I put my hand in the pocket of my plaid pleated skirt and finger the ruby necklace, my fingers traveling over one jewel at a time.

“So.” I clear my throat and address Serge. “Some week, huh?”

“Quite a week, yes. I’m pleased to see you are looking . . . remarkably well,” Serge says evenly as he turns the Seraph onto Thorn Street and begins to pick up speed.

“Did my parents . . . brief you?” I have my fake story for the press, but I can tell by the silence hanging in the car that Serge knows about Gavin.

He nods. “I understand they have chosen not to negotiate.”

“Yes,” I manage to say.

“Sometimes fortune surprises us, Miss Fleet.” Serge’s eyes look at mine a little too carefully in the rearview mirror. I sense a question in his gaze, but he doesn’t ask it.

He pulls the Seraph up to the curb in front of Cathedral, and I gather my books, tugging at my collar as I exit the car. As I walk up the ancient stone steps of the school, the hairs on the back of my neck stand up. I suddenly have the distinct impression Serge knows more than he’s letting on.

I arrive at school eight minutes after the morning bells. I keep my head down and walk as quickly as I can to take my seat in homeroom with Mr. Brick, a former soldier turned social studies teacher. The room smells soothingly of camphor, from the cream he applies to his knee between classes.

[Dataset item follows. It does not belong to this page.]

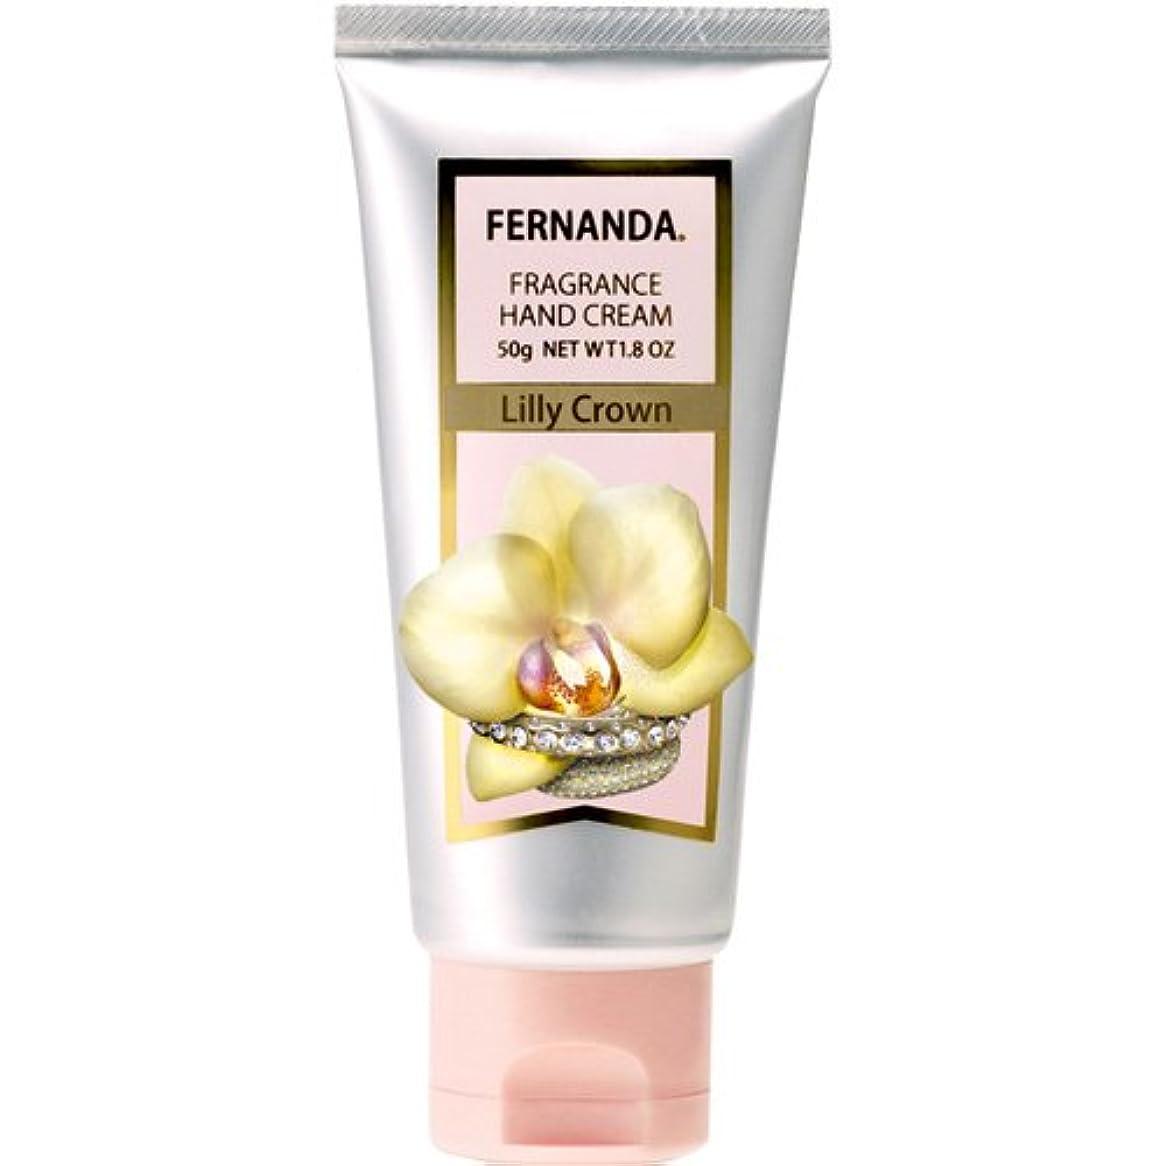 慢性的精巧な転用FERNANDA(フェルナンダ) Hand Cream Lilly Crown (ハンドクリーム リリークラウン)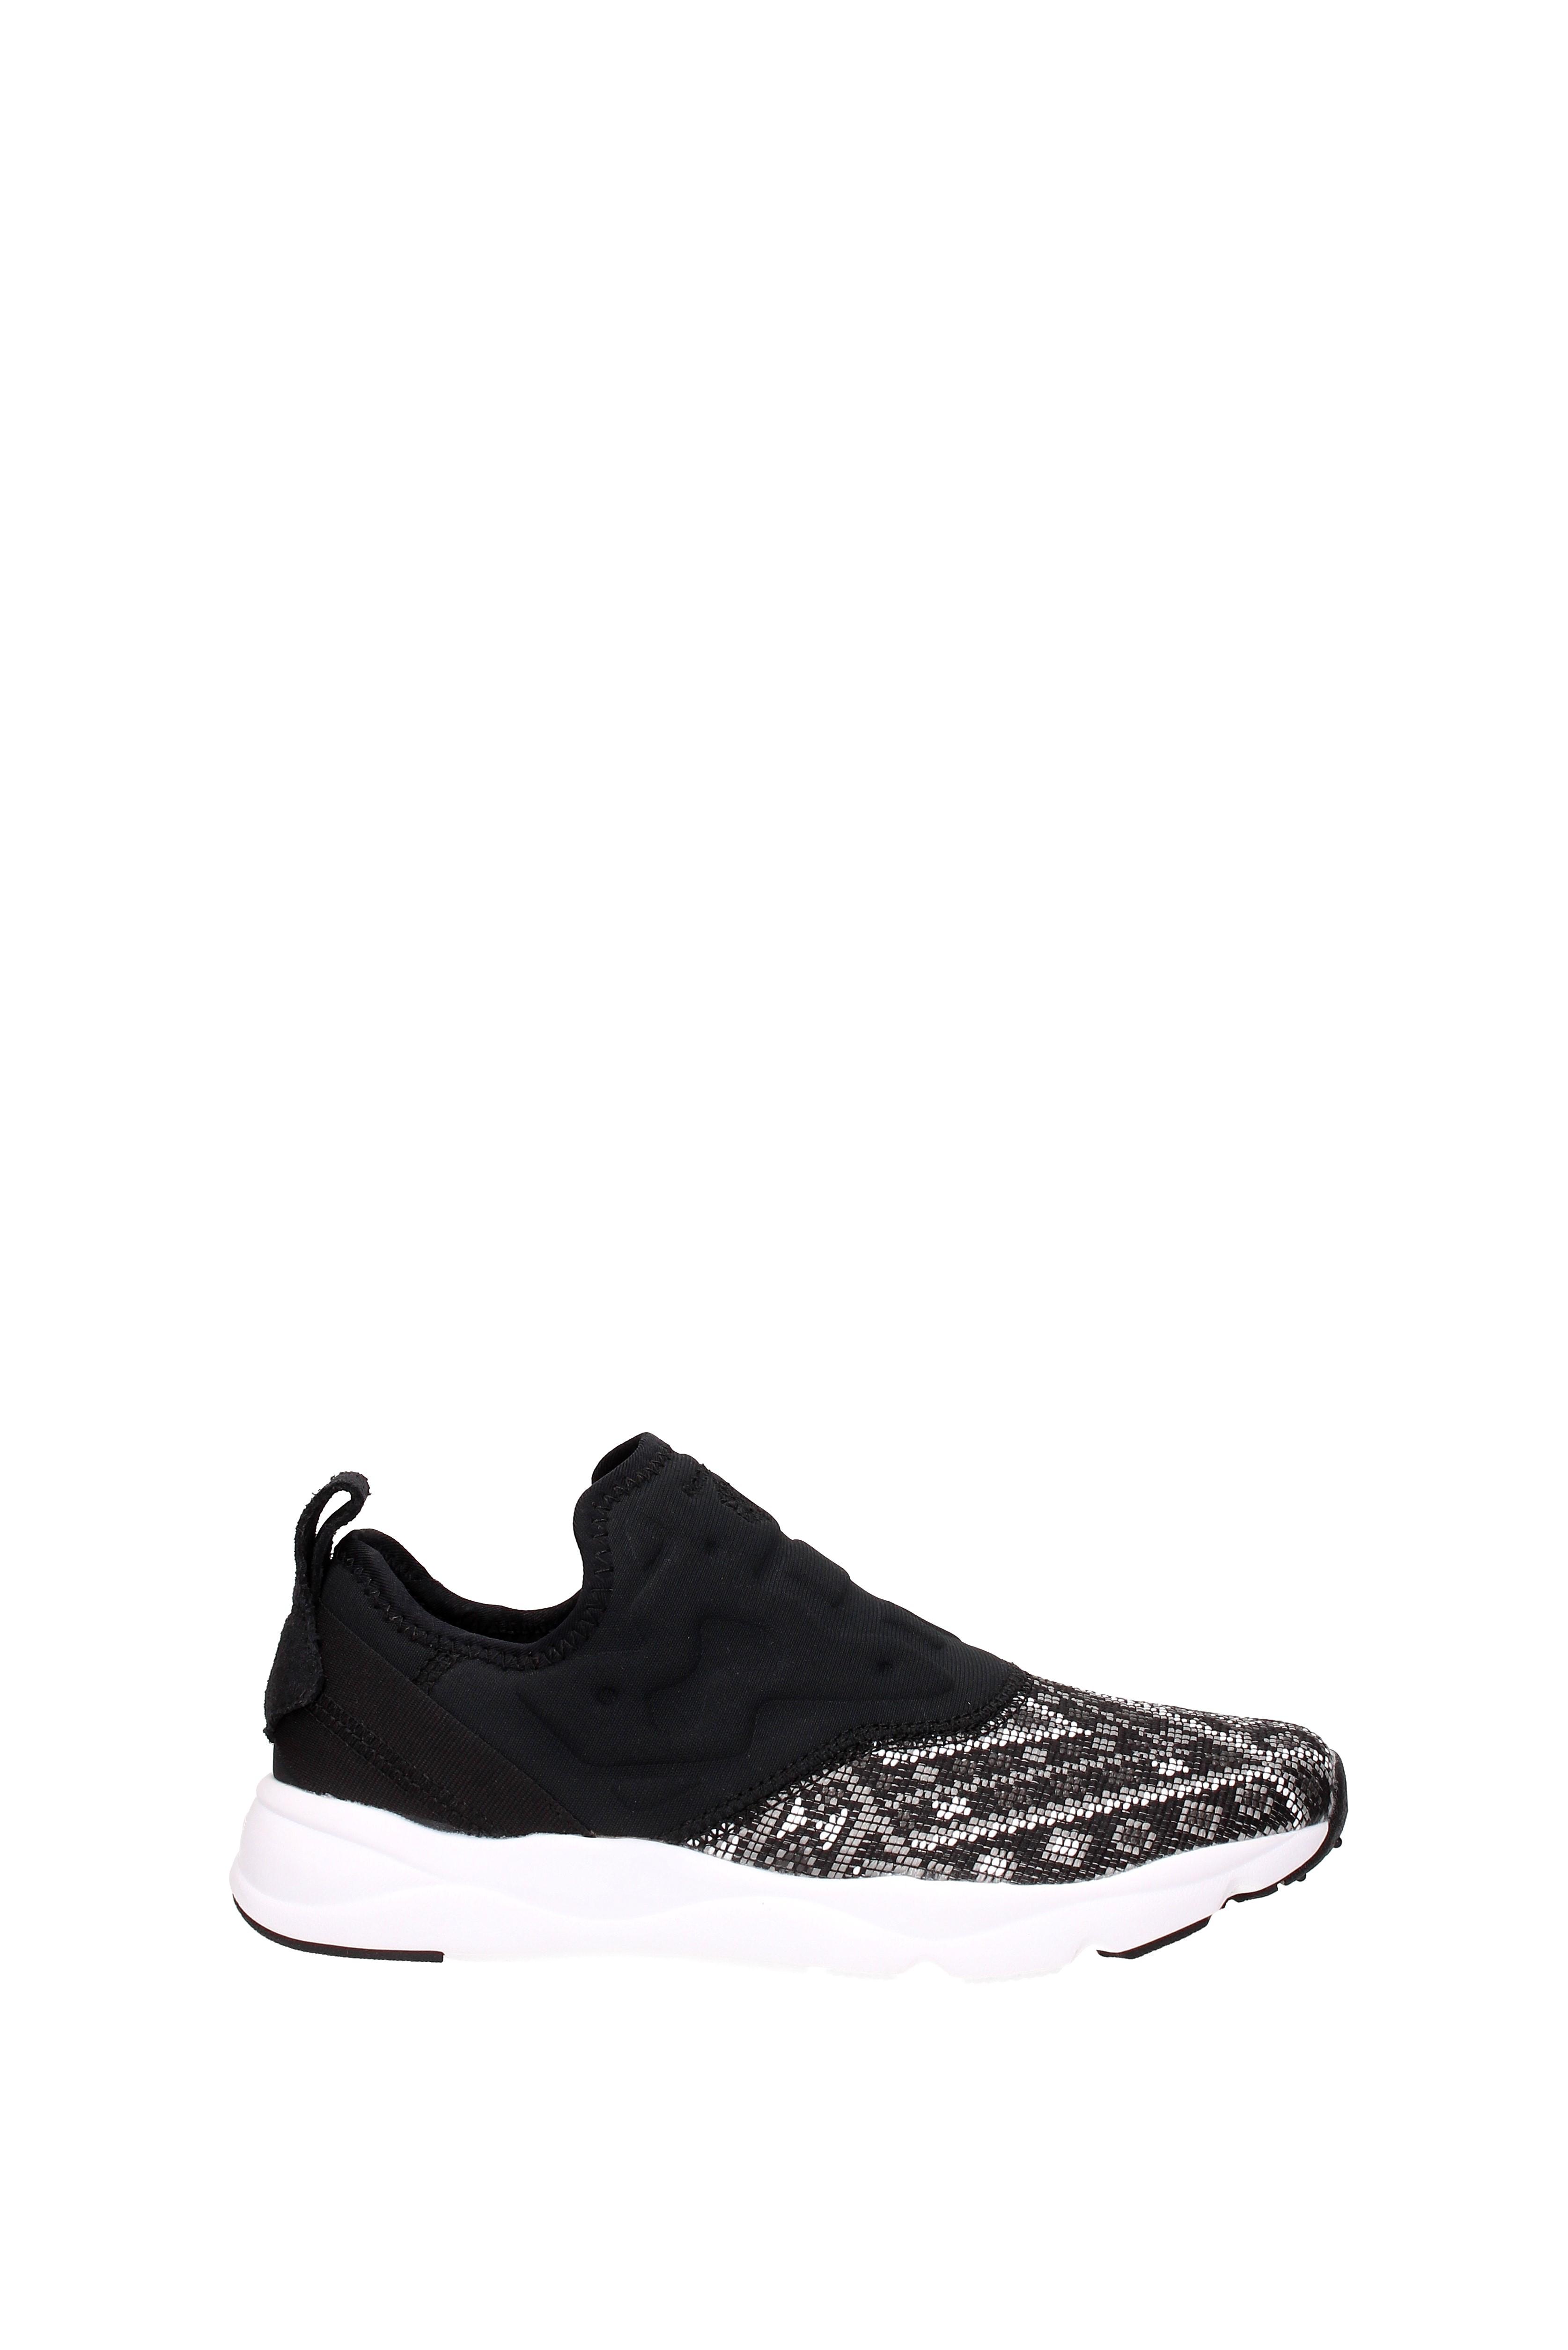 Sneakers Sneakers Sneakers Reebok furylite  Damen - Stoff (BD44) 30f98f

When I slide into my desk in the front row, the class erupts in loud chatter. I hear my name over and over and immediately flush bright red.

I stare helplessly at Mr. Brick.

“Quiet down, people!” he barks. The class does as it’s told, but they only stare at me harder.

I shift my eyes down to the desk. My fist clenches the tangle of rubies in my pocket.

“We thought you were dead, Miss Fleet,” Mr. Brick says in a stage whisper, his eyes widening ominously. “I was writing a
speech
.”

I understand that
speech
is code for
eulogy
, and a shiver passes through me. Then I think of Zahra, and my stomach twists with guilt. She must have been terrified—and now she’s probably livid that she can’t reach me. My cell is somewhere in my backpack; I haven’t turned it back on since sending Z the text last night.

“I’m fine,” I squeak out. My heart does its new electronic revving, so loud I’m sure Ginger McGeorge next to me can hear it, as I recite Lyndie Nye’s fabricated story word for word. I shoot a look at Ginger and see curiosity and concern in her eyes, nothing more. I try to focus on her soft brown ringlets, still damp from a shower, as I finish my little speech.

“Anyway,” I continue, hoping I sound traumatized instead of coached, “it was really dumb of me, and I was lucky to make it out okay. I’d rather not talk about it too much right now, if that’s all right.”

“Of course, Miss Fleet. We respect your privacy and your bravery, and I speak for the entire school when I say we’re glad you’re back, safe and sound,” Mr. Brick allows. I slump down in my seat during roll call and whisper
Here
at my name, still feeling all eyes focused on me.